Bingham issued the novelist a false travel document under the name "Wetcheek," the literal translation of Feuchtwanger from the German. In mid-September 1940 "Wetcheek" and his wife, Marta, left Marseille with several other refugees; he made his way to New York City aboard the SS Excalibur. (His wife followed on a separate ship.) When Feuchtwanger disembarked on October 5, the New York Times reported that he spoke "repeatedly of unidentified American friends who seemed to turn up miraculously in various parts of France to aid him in crucial moments in his flight." (Feuchtwanger settled in the Los Angeles area, where he continued to write.

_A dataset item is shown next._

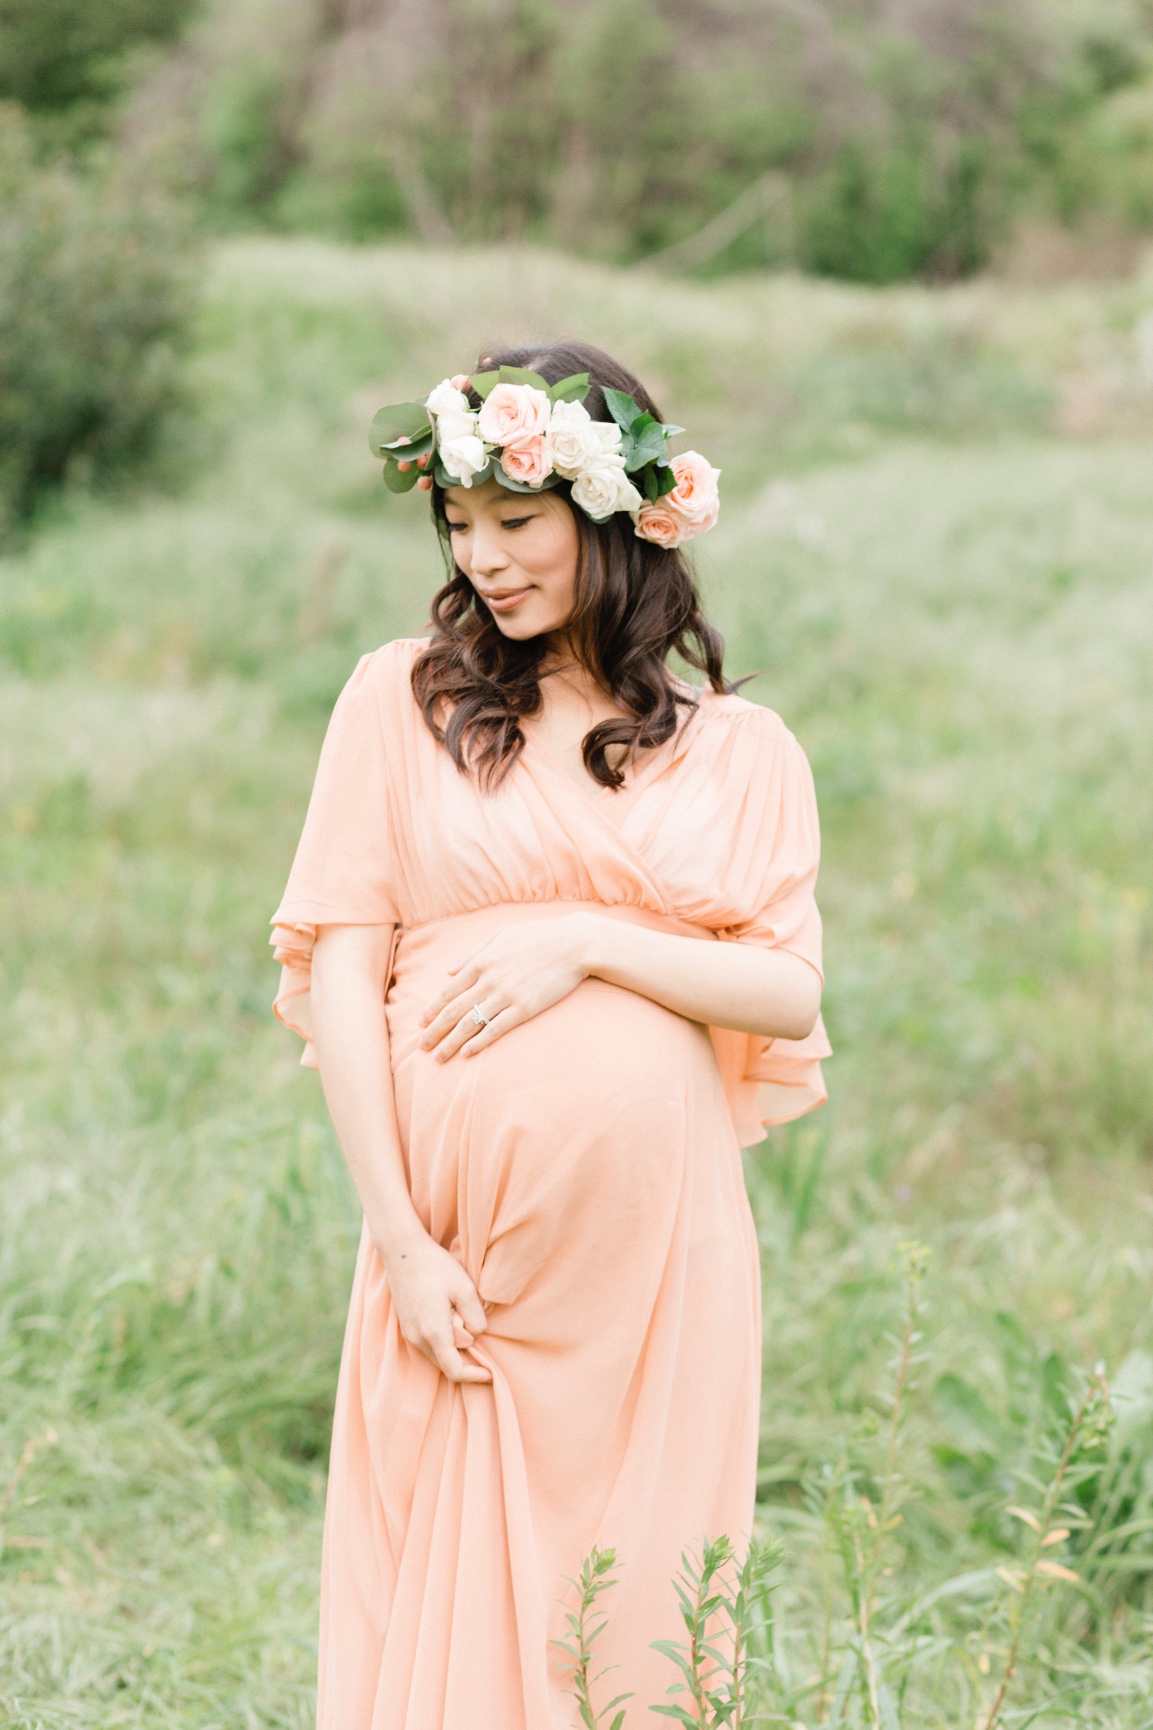 Outdoor Maternity Photography in Santa Monica - Newborn Photography Los ...
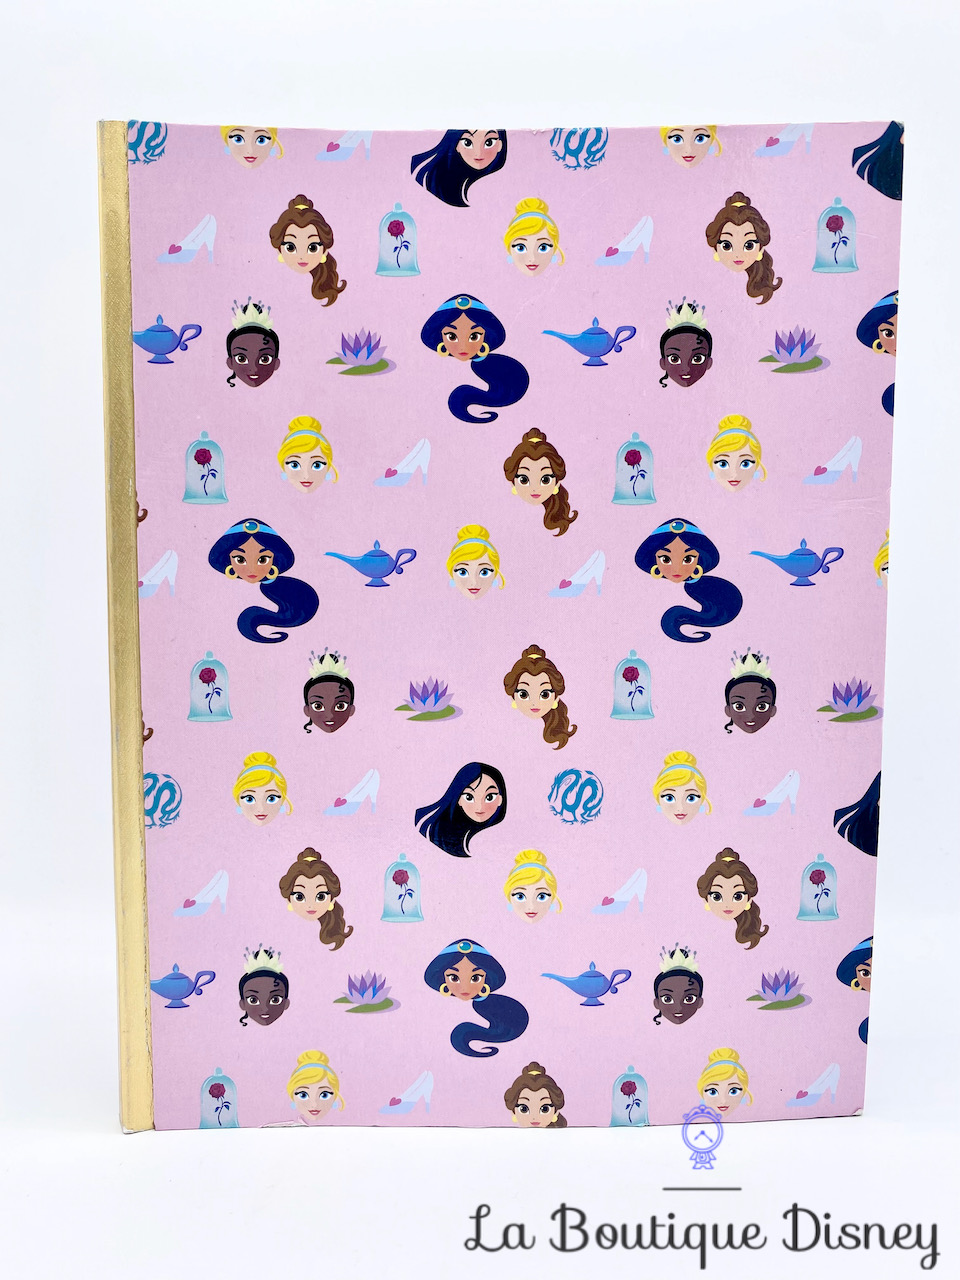 Carnet Secret Princesse Disney avec Crayon - MaxxiDiscount

He died in 1958, at the age of 74.)
The State Department, of course, knew precisely who Feuchtwanger's American friends were. Soon after the writer left Marseille, Secretary of State Cordell Hull wired the U.S. Embassy at Vichy: "[T]his Government can not repeat not countenance the activities as reported of...Mr. Fry and other persons, however well-meaning their motives may be, in carrying on activities evading the laws of countries with which the United States maintains friendly relations."
Bingham's boss in Marseille, Consul General Hugh Fullerton, advised Fry to leave the country. Fry declined. For his part, Bingham surreptitiously broadened his work with Fry—setting him up, for example, with a police captain who was sympathetic to escape operations. The vice consul "had no hesitation to work with Fry," says Pierre Sauvage, a filmmaker who is gathering material for a documentary on Fry's work in Marseille. "If Bingham could find a way of bending the rules, of being accommodating to somebody who wanted to get out, he did that."
Through the summer of 1940, Bingham also gave secret shelter to Heinrich Mann, brother of novelist Thomas Mann; the novelist's son, Golo, also left Europe with Bingham's help. Both "have repeatedly spoken to me about your exceptional kindness and incalculable help to them in their recent need and danger," Thomas Mann wrote Bingham on October 27, 1940. "My feeling of indebtedness and gratitude to you is very great."
Bingham also visited Marc Chagall, a Jew, at Chagall's home in the Provençal village of Gordes and persuaded him to accept a visa and flee to the United States; their friendship continued for the rest of their lives. At the consulate, Bingham continued to issue visas and travel papers, which in many cases replaced confiscated passports. Fred Buch, an engineer from Austria, received an exit visa and temporary travel documents; he left Marseille with his wife and two children and settled in California. "God, it was such a relief," Buch told Sauvage in a 1997 interview. "Such a sweet voice. You felt so safe there in the consulate when he was there. You felt a new life will start." Bingham "looked like an angel, only without wings," Buch added. "The angel of liberation."
State Department files show that Bingham issued dozens of visas daily, and many other elements of his work—sheltering refugees, writing travel papers, meeting with escape groups—were not always recorded. "My father had to keep what he was doing secret, but I think people suspected it," says William Bingham. "From his perspective, what he was doing by defying the direct orders [of his own government] was complying with international law."
Bingham's next act, however, was even more provocative: with winter approaching, he began pressing for U.S. support for relief efforts at the detention camps around Marseille.
In 1940, there were about two dozen such camps in Vichy France, many of them having been originally set up in the 1930s for émigrés from Spain during the Spanish Civil War. Even before the Nazis took Paris that June, French authorities ordered European foreigners to report for internment on the ground that the criminals, spies and anti-government operatives among them had to be weeded out. From November 27 to December 1, Bingham visited camps at Gurs, Le Vernet, Argelès-sur-Mer, Agde and Les Milles, accompanied by an official who was coordinating the work of 20 international relief organizations in Marseille.
French authorities actually welcomed such relief missions, because local officials lacked the infrastructure and supplies to care for the inmates adequately. In a report Bingham wrote of his travels, he cited "immigration problems" as the reason for his trip, but his account portrays a gathering tragedy for the 46,000 camp inmates. Gurs, one of the largest camps, he wrote, held about 14,000 people, including 5,000 women and 1,000 children, and many of the detainees were diseased, malnourished or badly housed. Three hundred inmates had died there in November, 150 in the first ten days of December. "When the shortage of food becomes more acute, the camps may be used as centers of unrest," Bingham wrote. "Resulting riots may be used if desired as an excuse for intervention and military occupation of the whole of France."
When Bingham's report was forwarded to Secretary of State Hull on December 20, 1940, it was preceded by a caveat from Bingham's boss, Consul General Fullerton: "Mr. Bingham's trip to the camps was in nowise official and under instructions from the Department of State," Fullerton had written. "It was, in fact, made at his own expense."